(this is annie)


2.

I've always known how I planned to eulogize my father. "He was an imperfect man," I'd begin, and then I'd segue into a movingly bittersweet tribute to him. In my head, it was going to be meaningful and noble, the kind of thing that would leave people with deep philosophical thoughts about life and death. (Embarrassingly and selfishly enough, I also figured that I'd move through the speech tearlessly while switching on the waterworks in the crowd.)

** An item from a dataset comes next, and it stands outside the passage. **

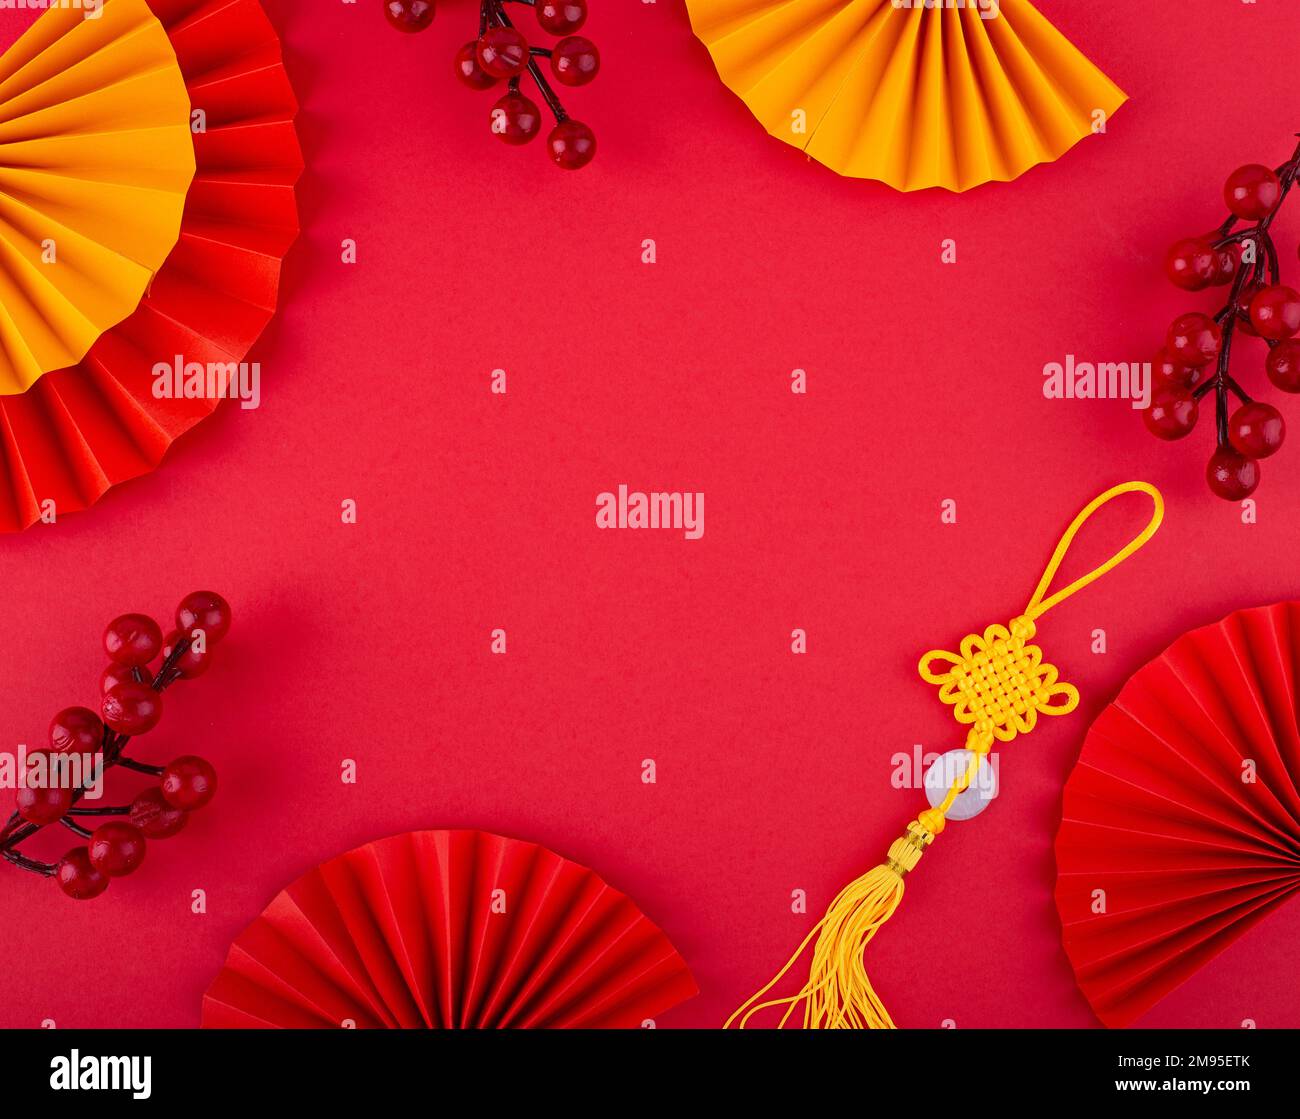 Với banner Tết Trung Quốc tuyệt đẹp này, bạn sẽ cảm thấy như đang ở Trung Quốc đây! Màu đỏ chủ đạo và những họa tiết truyền thống mang lại không khí Tết rực rỡ. Hãy bấm ngay vào hình ảnh để chiêm ngưỡng sự đẹp lung linh của banner Tết này nhé!

Except that's not how it happened. Dad always disliked funerals, even "accidentally" showing up late to meet me and my mother before my grandfather's service. (That was one of the few times when I gave him hell.) So it made sense that he'd left instructions to forgo all the clad-in-black depressing stuff. Instead, he wanted us to have a party to celebrate his life. That was the kind of man he was, usually joking and smiling and looking at the bright side. It's not that he was without his flaws — he could be unintentionally self-centered, he wasn't the most industrious guy, he used to drink too much — but when I think of him, I don't focus on that mess. I remember the best about him.

People keep asking how I'm doing. Up and down, I say. It changes hour by hour, sometimes minute by minute. The whole Kubler-Ross thing is accurate to an extent, but it's happening as a jumble rather than a sequential progression. One minute I'm sobbing, the next I'm laughing, the next I'm numb. Softness, ache, then nothingness. The worst moments accompany the realization that he's never coming back. I mean, I know he's gone, but dying seems like something he had to cross off on a to-do list. I'm not yet used to the new, lonelier reality. When I force myself to think about that, to realize that I'll never see him laugh again, I crumple. I always suspected this would be one of the most difficult experiences of my life. It is.